The boy turned round blue eyes to him, then gave a careful bow. He clutched Worley’s hand the whole while.
“Your Grace,” said Worley, with a hard edge to his voice, “this is my son, Albert.”
Charlie gave a slight bow. “How do you do, Albert.”
The boy hid his face. Barely keeping his own expression impassive, Charlie looked to Worley. Now he knew why. “A very handsome child.”
Worley’s jaw twitched. “He is. Go back to the nursery now, son.”
The boy ran to his waiting nurse with only a nervous glance at Charlie, who watched him go. He was glad for the respite. Holy God. The boy was the right age—and Maria’s other children were all daughters. He turned back to Worley when the child had gone, feeling sick to his stomach.

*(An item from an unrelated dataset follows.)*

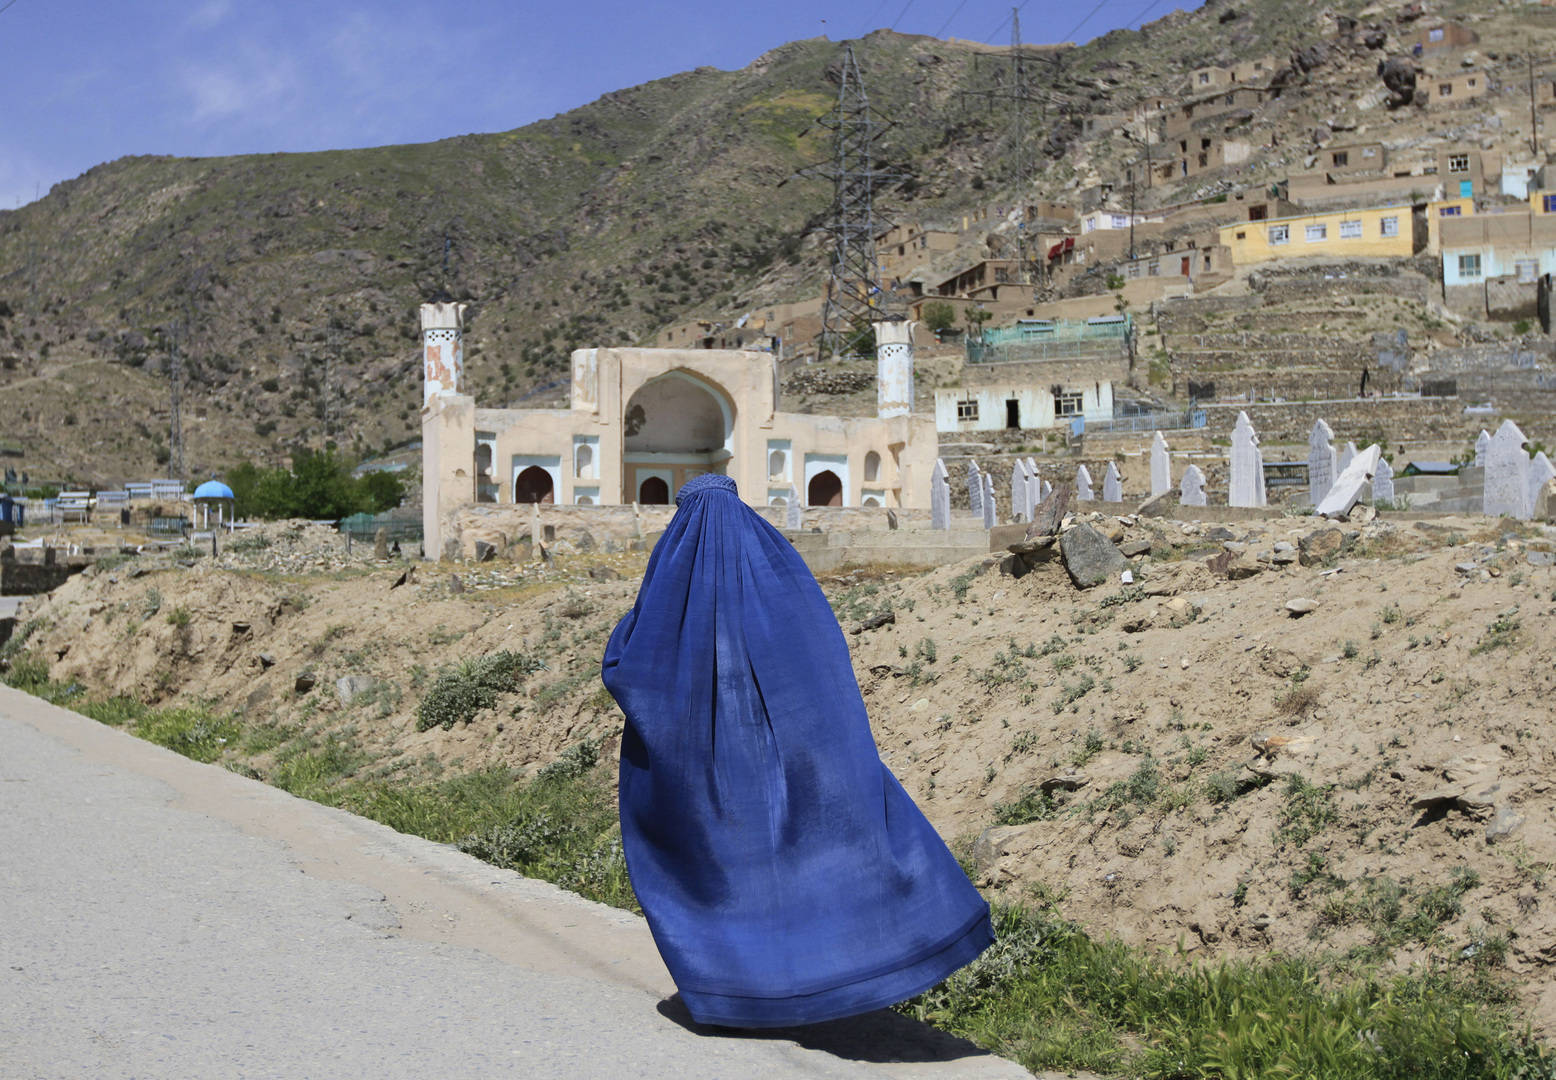 المراهقة الأفغانية التي قتلت اثنين من
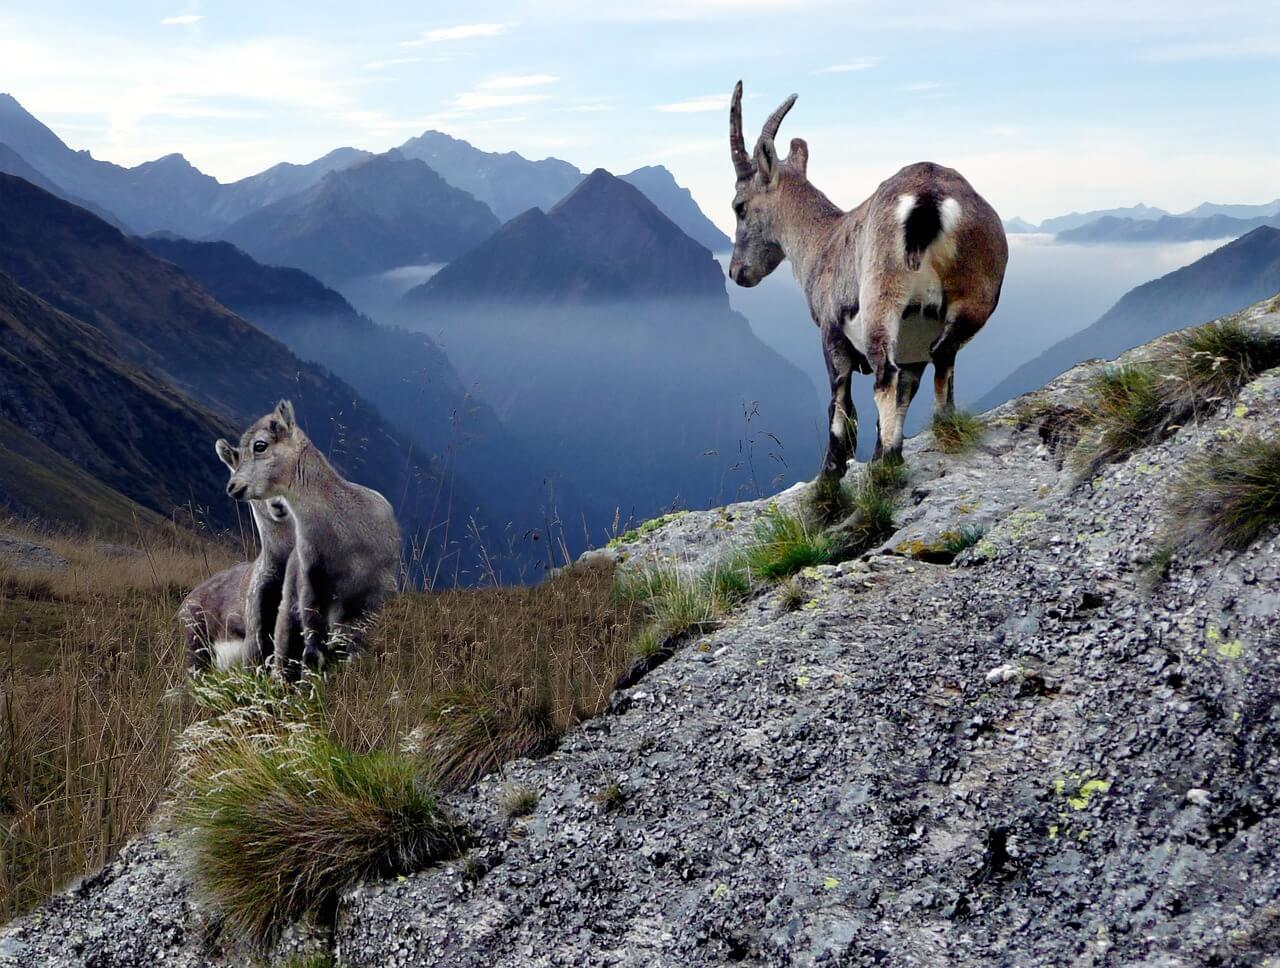 Gämse mit Jungtieren in der Greina-Hochebene in der Schweiz. Foto: Gabriela Fink, pixabay.

“He is my heir,” said the earl. He put back his shoulders and glared at Charlie. “My only son.”
His mouth was dry. “Is he?” Charlie managed to ask. He wanted to run after the child and inspect his face, to look for any sign of de Lacey features in him. The boy looked like Maria, with her coloring and eyes, not like Worley at all—but nor did Charlie see himself in the child. Was that his child, the product of his night with Maria? Did he have a son he could never claim? “Or is he mine?”
Worley was breathing so hard he shuddered with each exhalation. “He is
mine
,” he said violently. “Whether I sired him or not.”
“Don’t you know?” exclaimed Charlie, suffering some strong emotion of his own. “Did you blackmail my father because of a bloody
possibility
?”
“She told me,” bit out Worley. “She told me he was probably yours. My son—my beloved, only son—not mine but
yours
.” It was the furious wail of a lamed animal. “I didn’t know she’d been with you until she threw the truth in my face during an argument a year ago. And now—to know my son and heir might be a cuckoo in my nest—”
Charlie’s fists were shaking. “Do you mean to cast the boy aside?” he managed to ask. “Or his mother?”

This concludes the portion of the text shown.